--- Entries shown ---
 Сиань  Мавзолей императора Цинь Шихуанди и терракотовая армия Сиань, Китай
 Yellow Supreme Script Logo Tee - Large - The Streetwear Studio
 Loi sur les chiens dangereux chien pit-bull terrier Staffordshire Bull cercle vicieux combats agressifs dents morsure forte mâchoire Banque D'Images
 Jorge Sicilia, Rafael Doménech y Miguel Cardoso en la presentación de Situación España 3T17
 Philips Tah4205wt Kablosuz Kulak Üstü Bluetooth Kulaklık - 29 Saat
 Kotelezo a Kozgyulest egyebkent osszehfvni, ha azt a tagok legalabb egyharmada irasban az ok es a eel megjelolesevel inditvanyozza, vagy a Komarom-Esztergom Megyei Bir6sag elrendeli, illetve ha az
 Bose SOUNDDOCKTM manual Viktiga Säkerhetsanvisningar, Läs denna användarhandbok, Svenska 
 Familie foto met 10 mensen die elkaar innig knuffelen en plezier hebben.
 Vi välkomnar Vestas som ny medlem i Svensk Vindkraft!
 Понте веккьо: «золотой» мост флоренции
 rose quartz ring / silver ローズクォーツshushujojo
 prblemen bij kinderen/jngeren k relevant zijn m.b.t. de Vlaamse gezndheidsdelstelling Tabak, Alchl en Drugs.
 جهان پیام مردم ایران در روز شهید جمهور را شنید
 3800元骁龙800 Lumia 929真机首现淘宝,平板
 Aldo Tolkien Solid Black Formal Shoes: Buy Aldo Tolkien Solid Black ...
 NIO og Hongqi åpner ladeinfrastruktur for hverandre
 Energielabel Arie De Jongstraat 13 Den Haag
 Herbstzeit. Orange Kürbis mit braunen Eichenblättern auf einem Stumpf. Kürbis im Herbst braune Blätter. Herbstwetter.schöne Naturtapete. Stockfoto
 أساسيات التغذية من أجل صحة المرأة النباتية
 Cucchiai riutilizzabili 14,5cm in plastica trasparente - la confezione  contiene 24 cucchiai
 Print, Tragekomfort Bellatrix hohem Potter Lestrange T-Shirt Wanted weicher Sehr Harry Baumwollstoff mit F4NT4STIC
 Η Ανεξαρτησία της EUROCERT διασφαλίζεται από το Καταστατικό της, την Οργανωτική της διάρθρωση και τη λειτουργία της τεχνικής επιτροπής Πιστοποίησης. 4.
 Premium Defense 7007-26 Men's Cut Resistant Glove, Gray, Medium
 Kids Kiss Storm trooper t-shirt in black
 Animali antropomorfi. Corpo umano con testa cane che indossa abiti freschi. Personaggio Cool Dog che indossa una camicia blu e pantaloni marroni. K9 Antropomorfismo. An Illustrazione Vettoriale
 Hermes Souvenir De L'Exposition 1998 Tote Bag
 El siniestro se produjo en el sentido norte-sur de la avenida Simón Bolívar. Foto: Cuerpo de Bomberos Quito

--- Exercise ---
Exact copies of the lines from the start of the data up to the line holding "Loi sur les", both included, are all that is needed.

--- Expected answer ---
 Сиань  Мавзолей императора Цинь Шихуанди и терракотовая армия Сиань, Китай
 Yellow Supreme Script Logo Tee - Large - The Streetwear Studio
 Loi sur les chiens dangereux chien pit-bull terrier Staffordshire Bull cercle vicieux combats agressifs dents morsure forte mâchoire Banque D'Images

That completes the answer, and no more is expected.